计算外部内存中一组字符串的 BWT 和 LCP 阵列 (Computing the BWT and LCP array of a Set of Strings in External Memory) - 专知论文

会员服务 ·

0

外部记忆 · 情景 · 泛化理论 · Next · 后向 ·

2020 年 12 月 4 日

Computing the BWT and LCP array of a Set of Strings in External Memory

翻译：计算外部内存中一组字符串的 BWT 和 LCP 阵列

Paola Bonizzoni,Gianluca Della Vedova,Yuri Pirola,Marco Previtali,Raffaella Rizzi

from arxiv, Theoretical Computer Science (2020). arXiv admin note: text overlap with arXiv:1607.08342

Indexing very large collections of strings, such as those produced by the widespread next generation sequencing technologies, heavily relies on multistring generalization of the Burrows-Wheeler Transform (BWT): large requirements of in-memory approaches have stimulated recent developments on external memory algorithms.
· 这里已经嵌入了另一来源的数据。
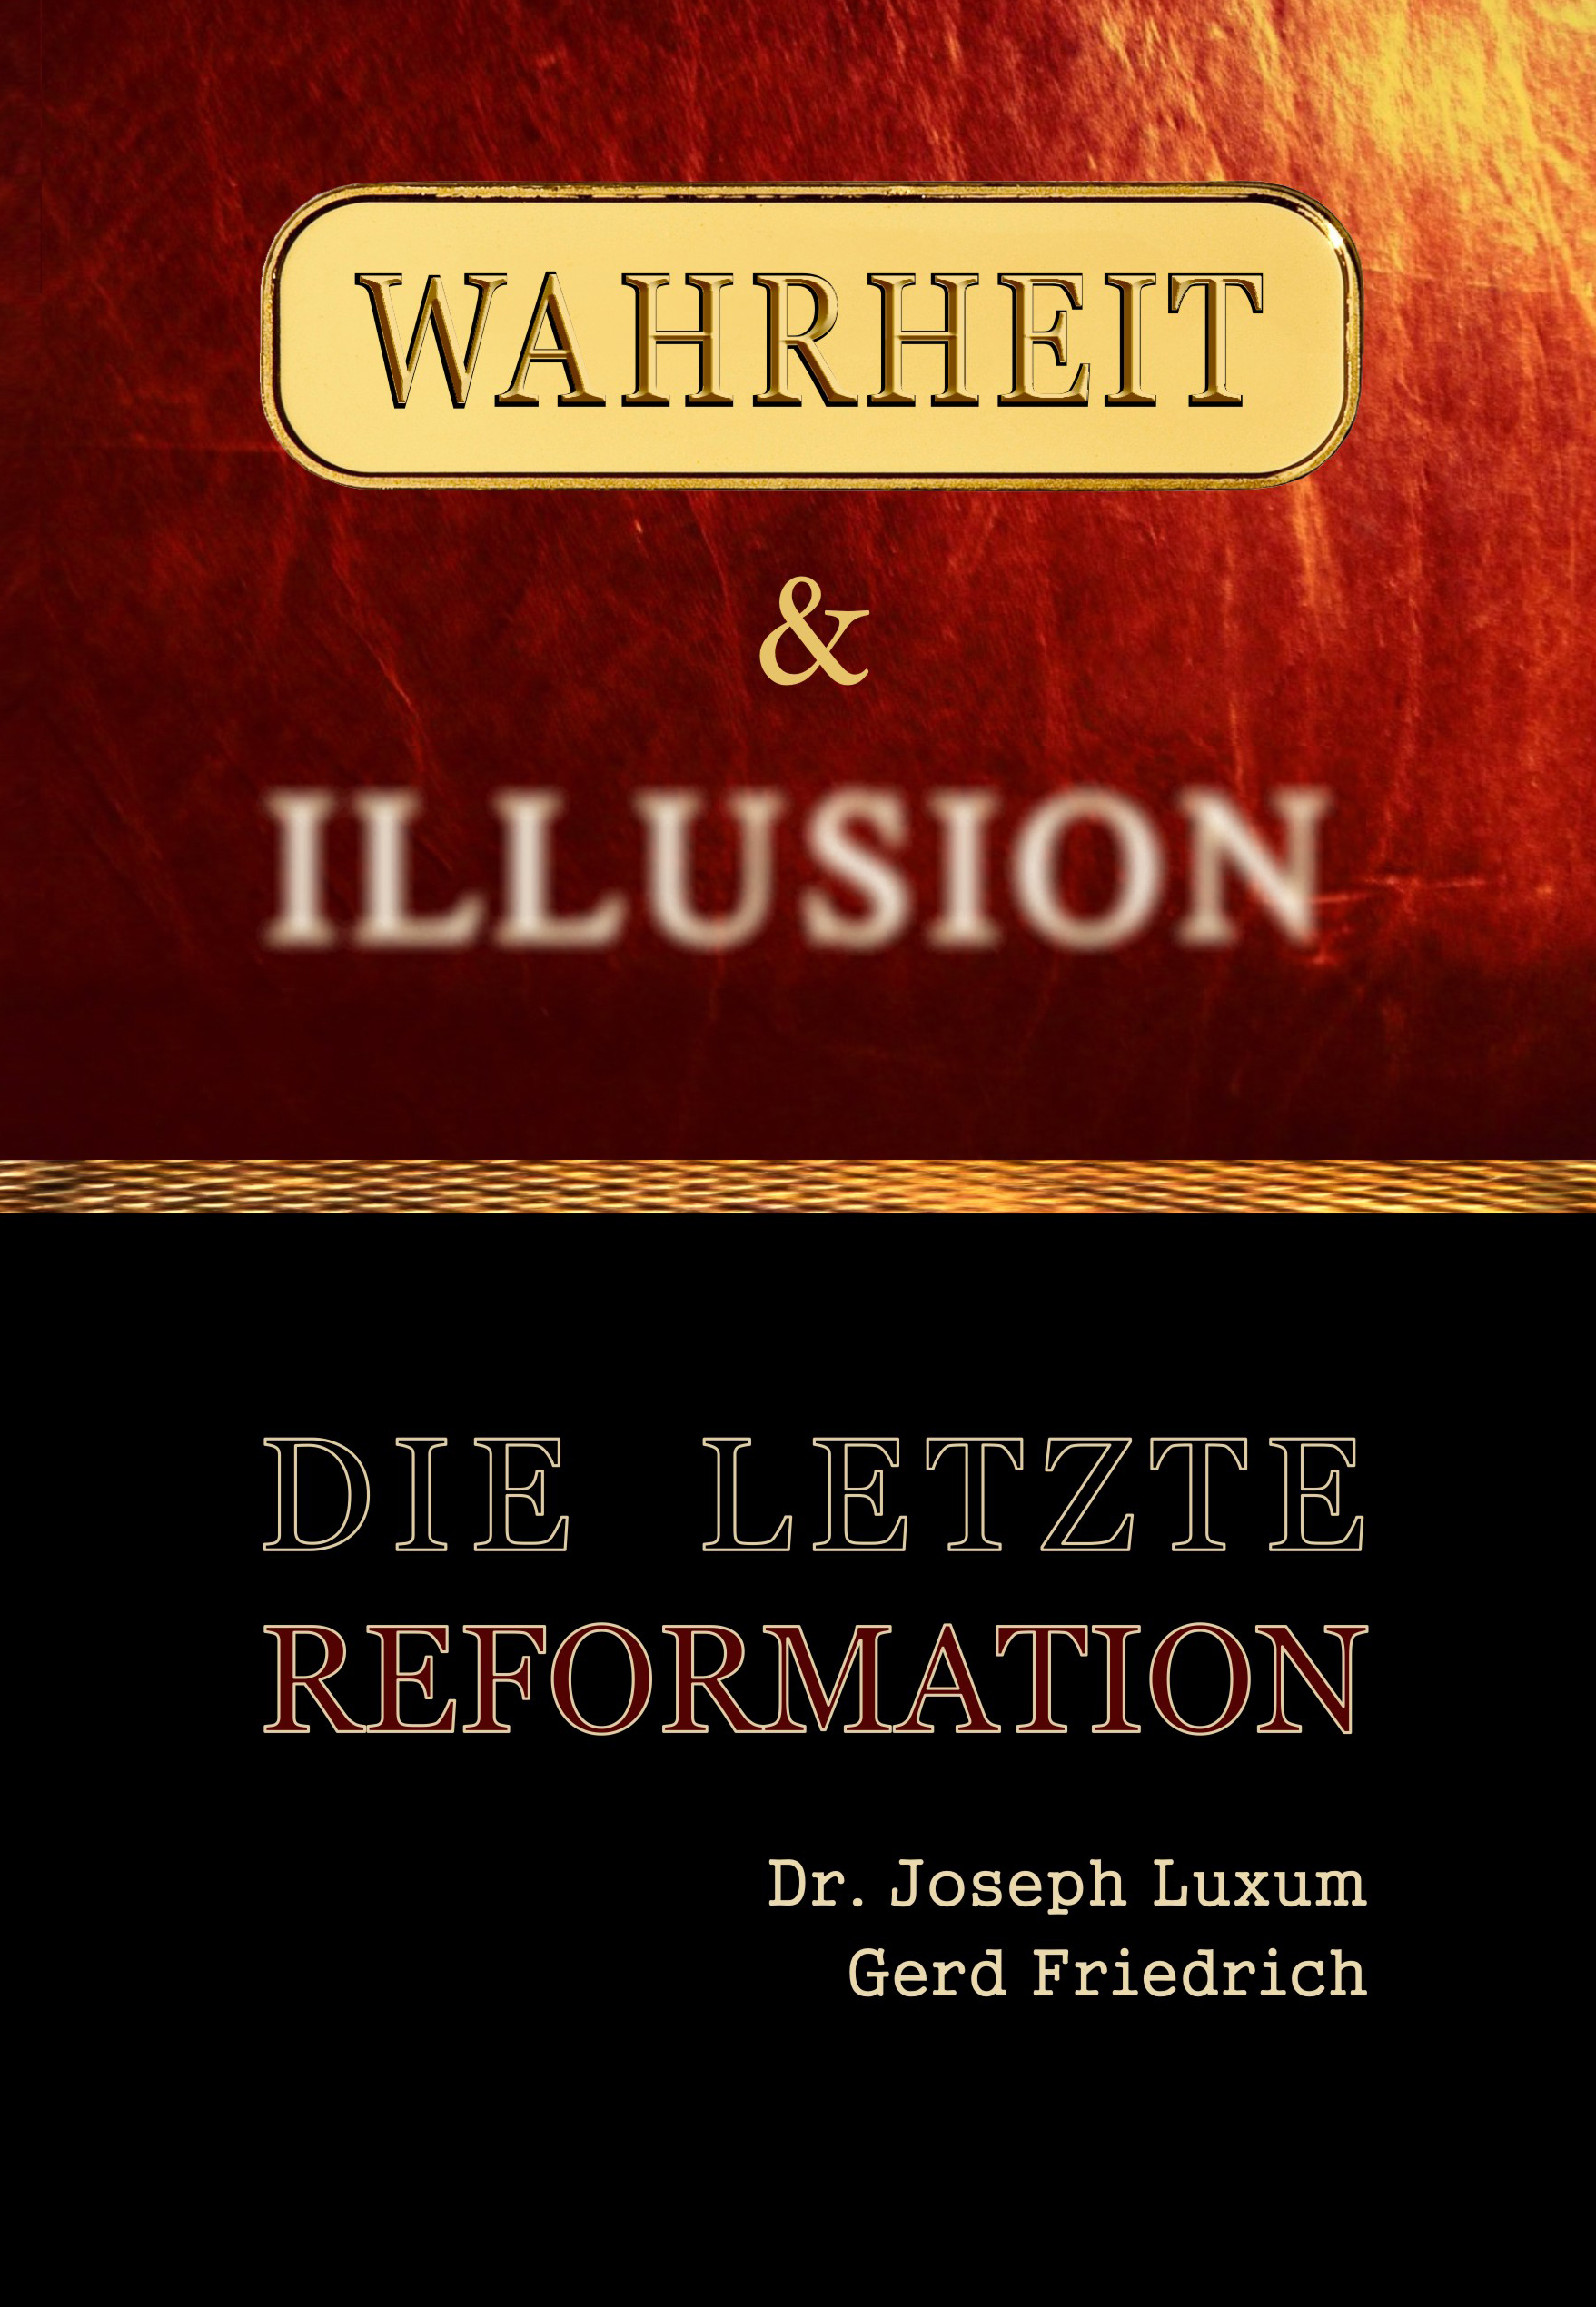 Wahrheit & Illusion - Die Letzte Reformation

The related problem of computing the Longest Common Prefix (LCP) array of a set of strings is instrumental to compute the suffix-prefix overlaps among strings, which is an essential step for many genome assembly algorithms. In a previous paper, we presented an in-memory divide-and-conquer method for building the BWT and LCP where we merge partial BWTs with a forward approach to sort suffixes. In this paper, we propose an alternative backward strategy to develop an external memory method to simultaneously build the BWT and the LCP array on a collection of m strings of different lengths. The algorithm over a set of strings having constant length k has O(mkl) time and I/O volume, using O(k + m) main memory, where l is the maximum value in the LCP array.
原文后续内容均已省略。